Что-то толкнуло его вбок, опрокинуло, придавило к земле.
— Руки ему ломай, ломай руки!
Его перевернули на живот, с силой придавили лицом к пыльной дороге, заломили сзади руки. Боли он не чувствовал, но ощутил, как чье-то колено упирается в спину.
Щелкнули наручники.
Он видел перед собой, как капли дождя стучат по брусчатке.
Дин-дон.
— Пиджак. Смирнов, обыщи.
Его перевернули на бок, и чьи-то руки залезли в его карманы. Проморгавшись, Гельмут увидел перед собой каких-то людей в белых гимнастерках. Лица их были неразличимы.
— Наган в кармане. А в нагрудном вот, паспорт. И еще один.
— Дай сюда. Сафонов… товарищ капитан, посмотрите.
— Эй, ребята, это же тот.
— Который?
— Ориентировку из НКВД помнишь?
— Два паспорта, глянь.
Господи, какая ориентировка, какие паспорта, вы посмотрите, дождь, наконец-то дождь. Гельмут снова рассмеялся.
— Он с ума сошел.
— Да один хрен, он из ориентировки!
— Тот самый, что ли?
— Ну посмотри на лицо. И фамилия.
— Ах ты ж.
Кто-то пнул его сапогом в живот. Гельмут скорчился от боли.
— Эй-эй, не бей пока.
— Да я легонечко. Он же нелюдь, он весь в крови и хохочет тут, как бес.
— Давай, поднимай — и в участок. Я позвоню кому надо.
Его подняли на ноги, подхватили под заломленные руки и повели.
Смешные, думал Гельмут. Такой дождь идет, а вы.
Дин-дон, дин-дон.
Из воспоминаний Гельмута Лаубе. Запись от 1 октября 1969 года, Восточный Берлин
Бергнер спас меня от смерти на Колыме. Я не смог излечиться от туберкулеза, но через четыре месяца в больнице меня признали годным к легким работам. Вернувшись в лагерь, я занимался в основном распилкой дров. Мне повезло не превратиться в «доходягу» — так на Колыме называли тех, кто был истощен настолько, что уже не мог работать, и участь их была, как правило, незавидной.

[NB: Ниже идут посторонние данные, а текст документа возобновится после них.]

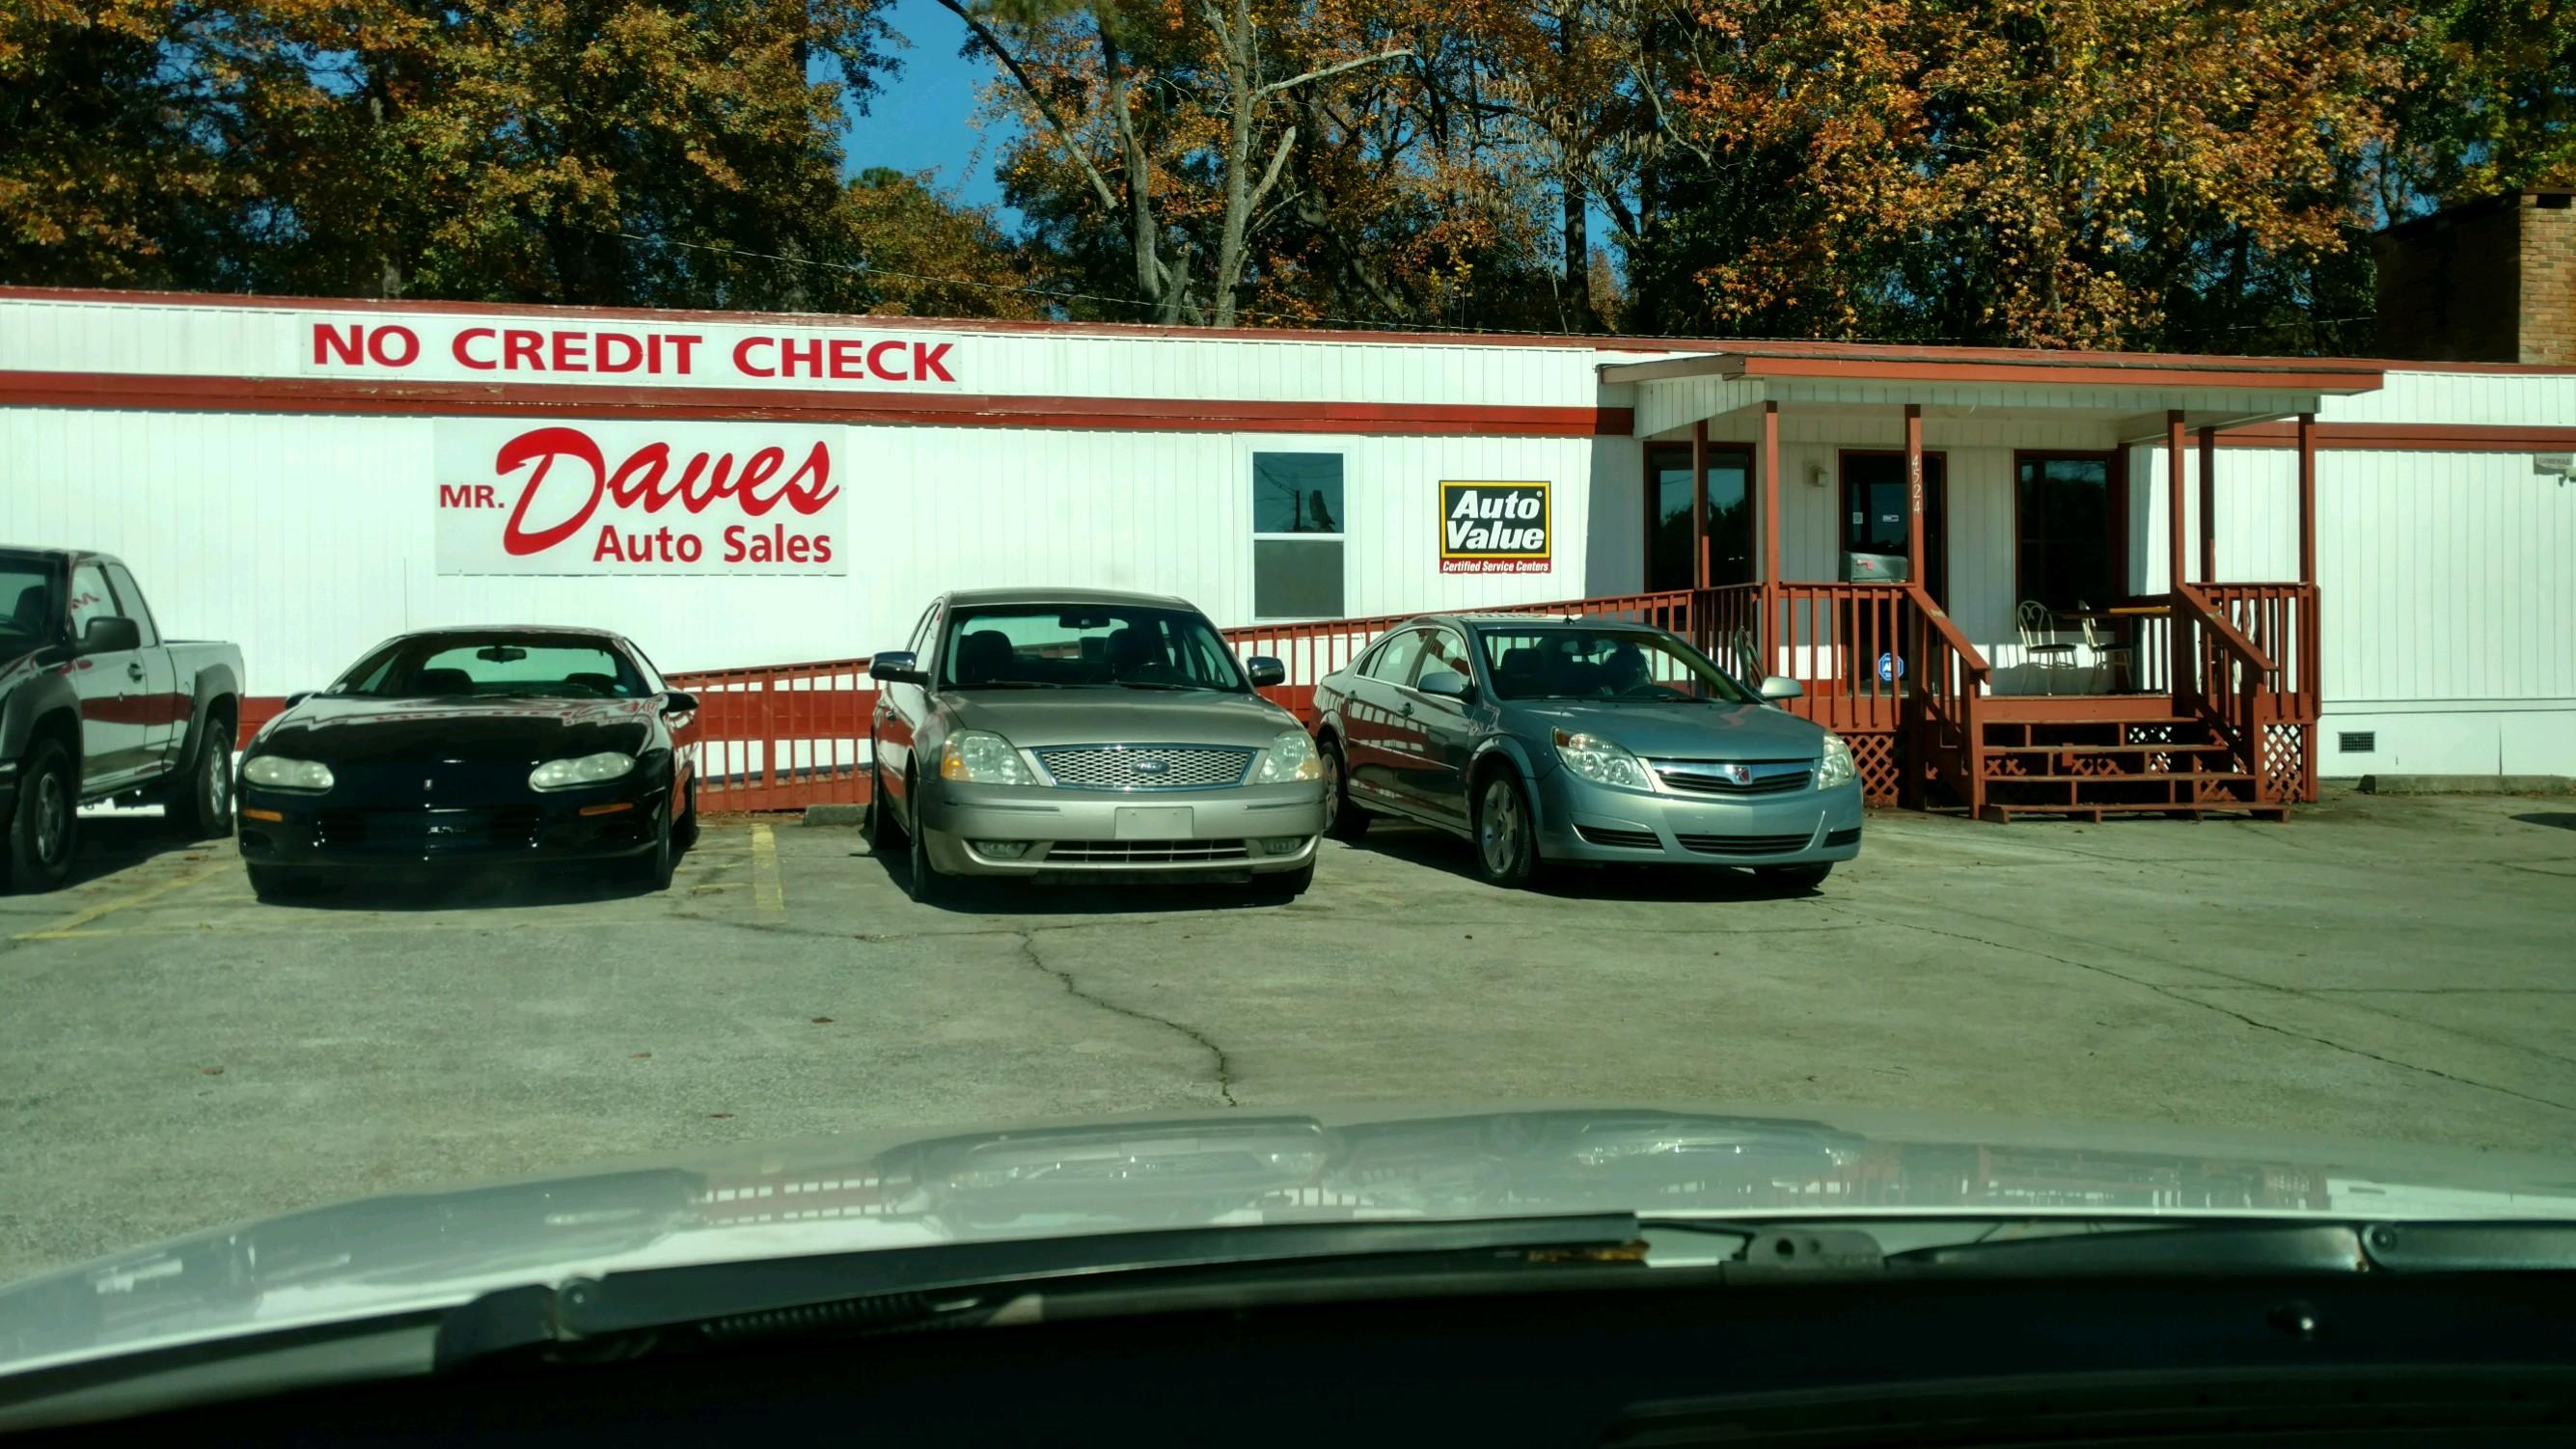 Mr. Dave's Auto Sales

По возвращении я узнал, что зэк Авдеев — тот самый, который пытался украсть у меня ватник — погиб от удара ножом в живот через месяц после моей госпитализации. Виновного, разумеется, не нашли, да и не искали. Поговаривали, что он проиграл в карты сапоги и попытался отобрать их назад. Я не испытывал к нему жалости, но от слов «ножом в живот» содрогнулся.
В 1949 году я узнал, что Бергнер вышел на свободу. Тогда он и отправил мне письмо, которое я смог прочитать только после освобождения — никакая корреспонденция ко мне на Колыму не доходила.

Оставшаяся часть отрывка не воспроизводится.